Authorization Form
Public Relations/Marketing/Audio Visual
By filling out this form and clicking submit, I hereby provide authorization to Health Alliance Plan and its subsidiaries, affiliates, agents, and/or the media for this interview, audio/videotaping, and/or photographic session. I grant Health Alliance Plan and its entities the right to use the images and/or recordings for the following purposes:
- Local and national media
- Health Alliance Plan publications
- Other publications
- Advertising/Marketing promotions: TV, radio, billboards, newspaper
- Patient information/education
- Video/audio production
- Internet, including social media platforms (e.g., Facebook, Instagram, LinkedIn, YouTube) and third-party websites
I waive all rights, claims, and interest in all audio/visual recordings and all rights to payment or royalties in connection with their use and/or publication.

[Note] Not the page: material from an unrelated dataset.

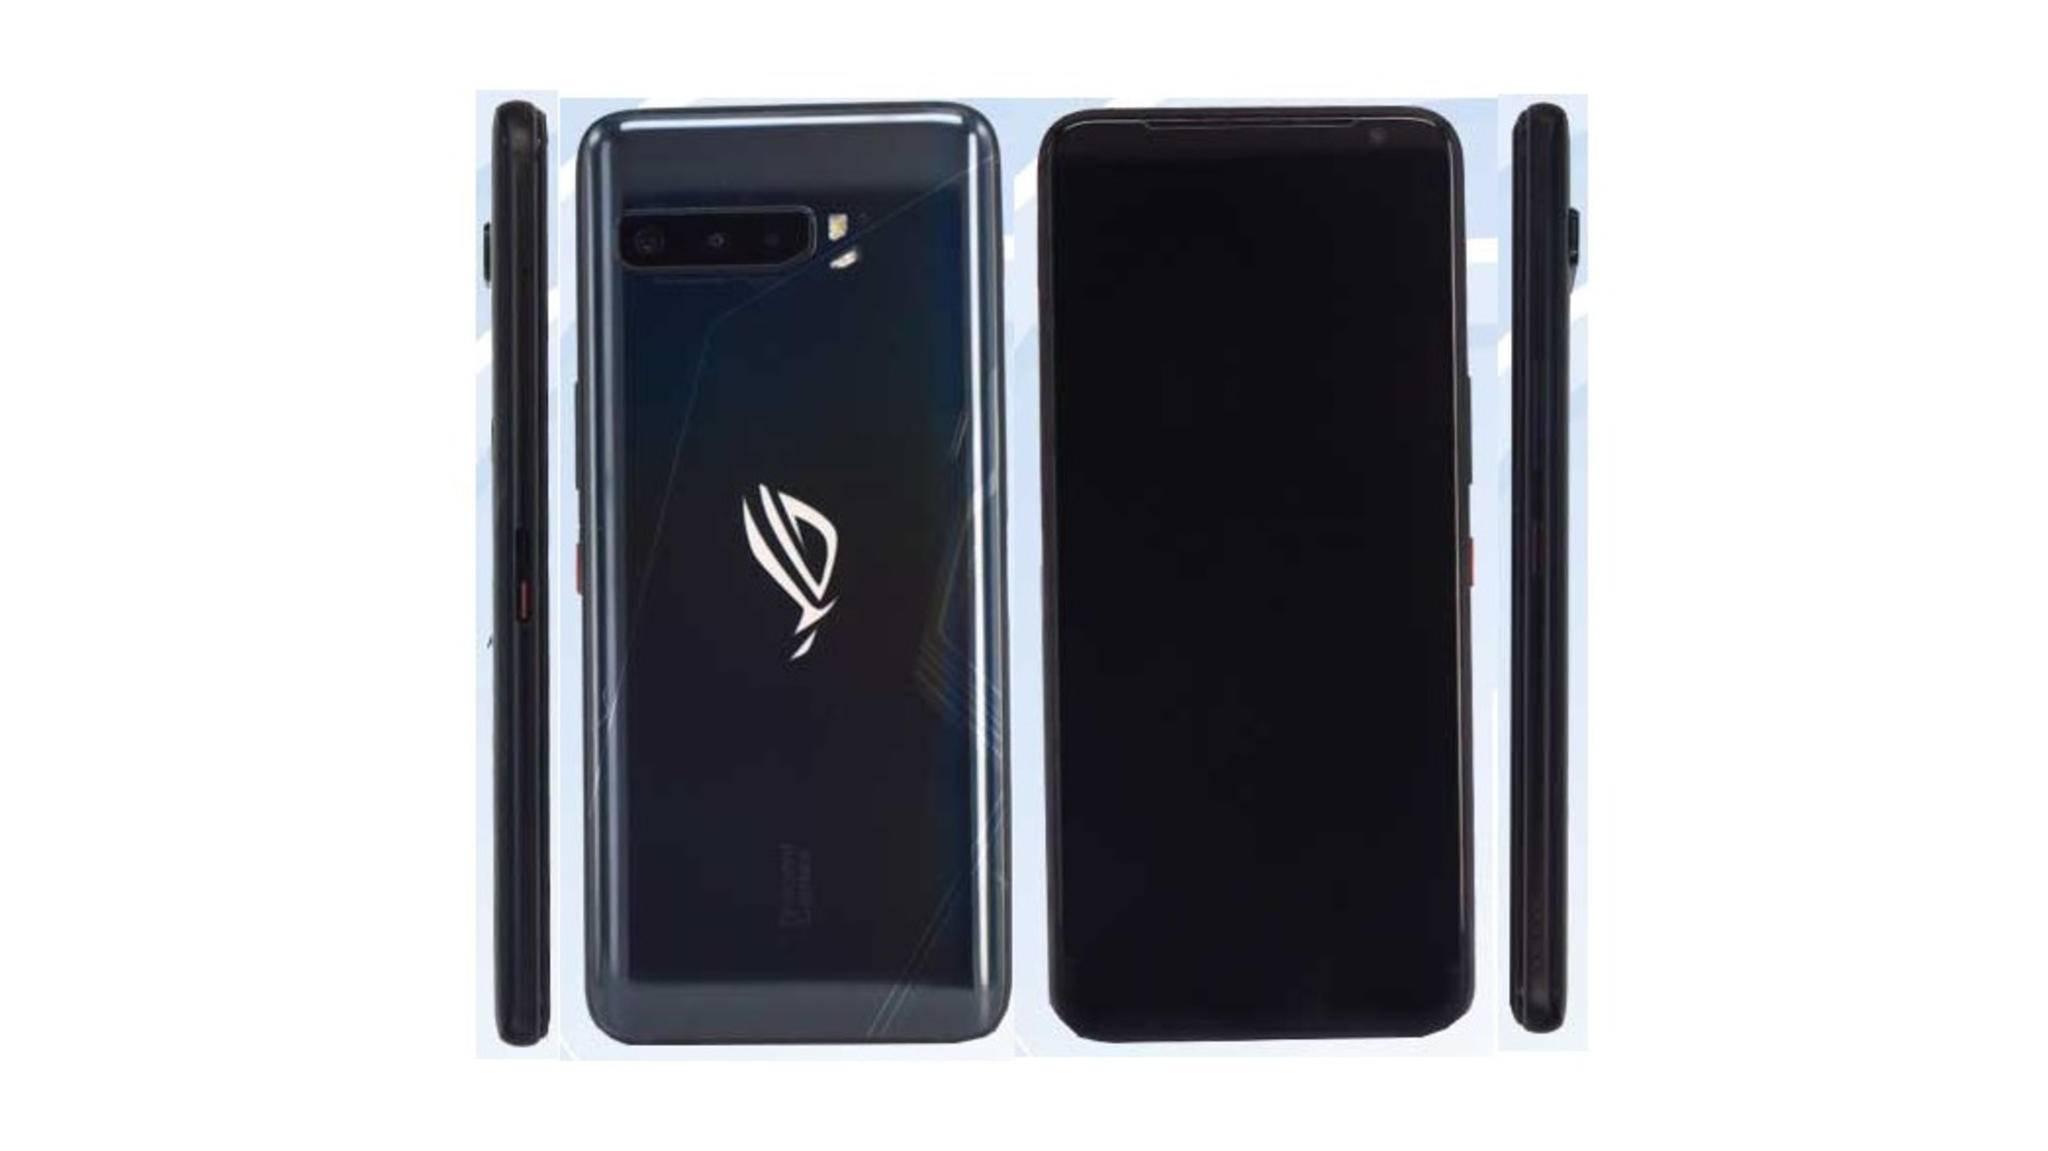 ASUS-ROG-Phone-3-TENAA-render
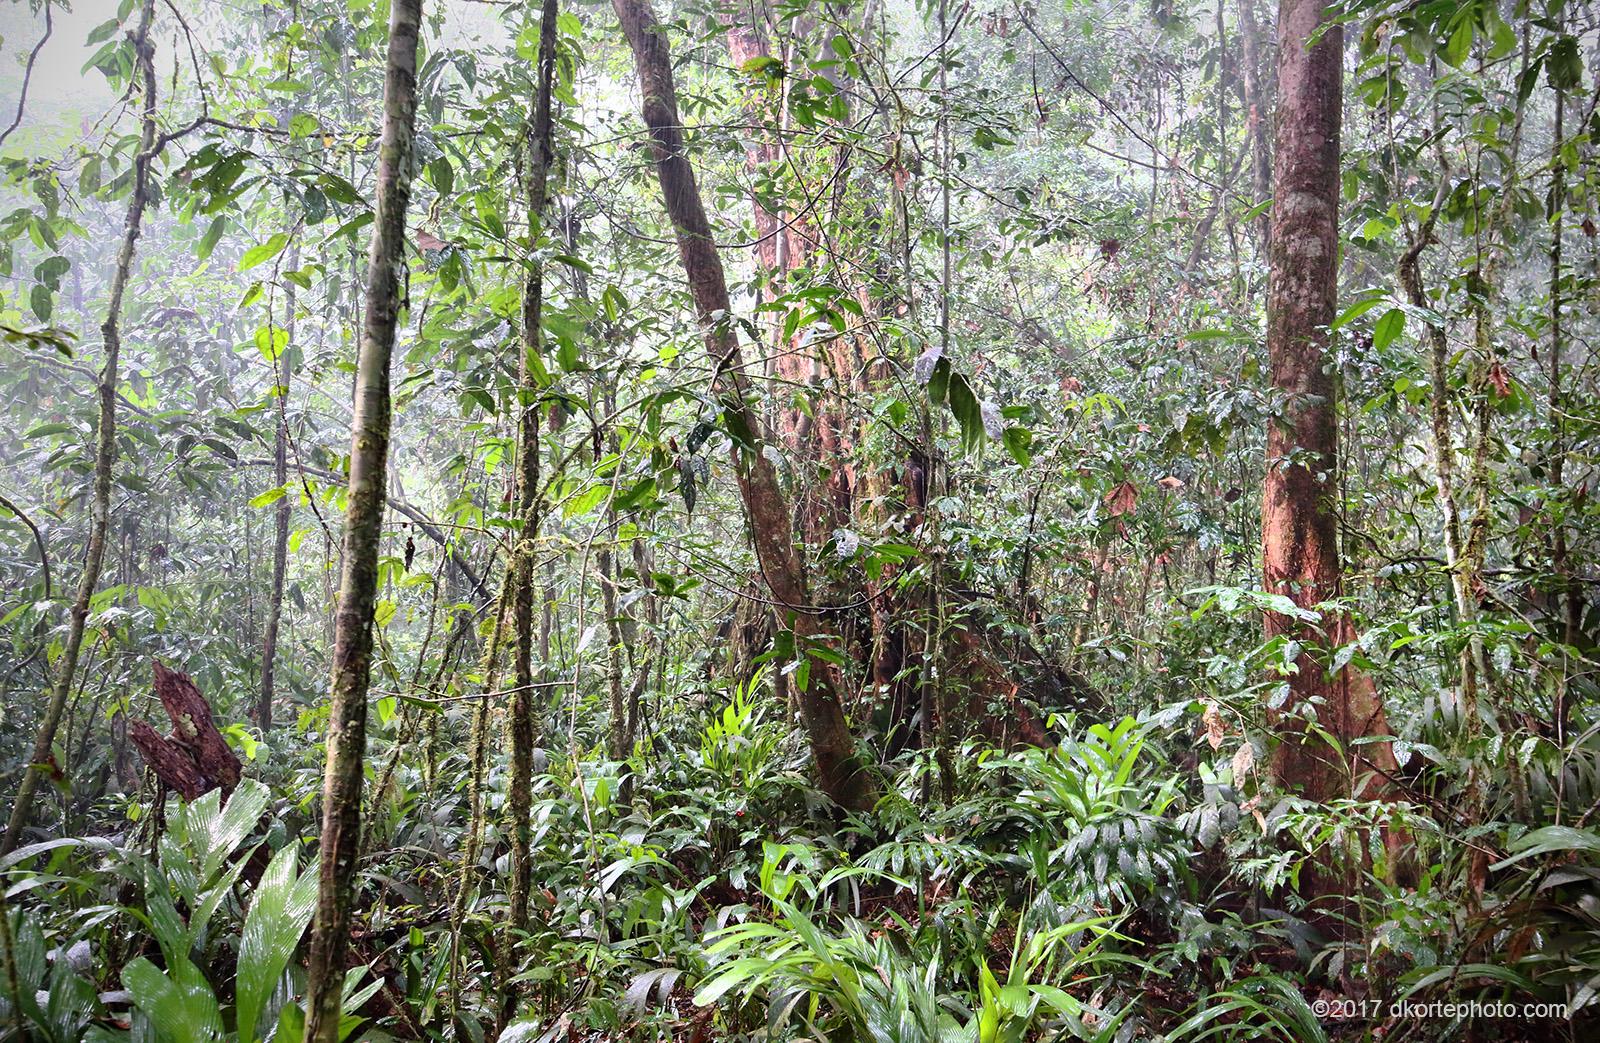 Liberia's Natural Resources

I understand that my personal information, including but not limited to my name, likeness, voice, and testimonial, may be used in accordance with applicable privacy laws. Health Alliance Plan will take reasonable steps to protect my personal data and will not disclose it to unauthorized third parties.
I acknowledge that I will not have the right to inspect or approve the final version of any materials produced, including written copy or video/audio content, prior to its use or publication.
I release and hold harmless Health Alliance Plan, its officers, employees, agents, and assigns from any and all claims, demands, and causes of action which I, my heirs, representatives, executors, administrators, or any other persons acting on my behalf may have by reason of this authorization. I agree to indemnify and defend Health Alliance Plan against any claims arising from the use of the authorized materials.
If the person involved is under age 18, authorization must be given by the parent or guardian.
Authorization is valid for one year from the date submitted. In the event Health Alliance Plan has used your information in reliance on this authorization, your authorization will be extended to cover the duration of time the project is in production or use.
I understand that I may revoke this authorization at any time by submitting a written request. However, I acknowledge that revocation will not apply to materials already produced or published in reliance on this authorization prior to receipt of the revocation. By submitting this form electronically, I agree that my electronic signature has the same legal effect as a handwritten signature and constitutes my voluntary agreement to the terms outlined above.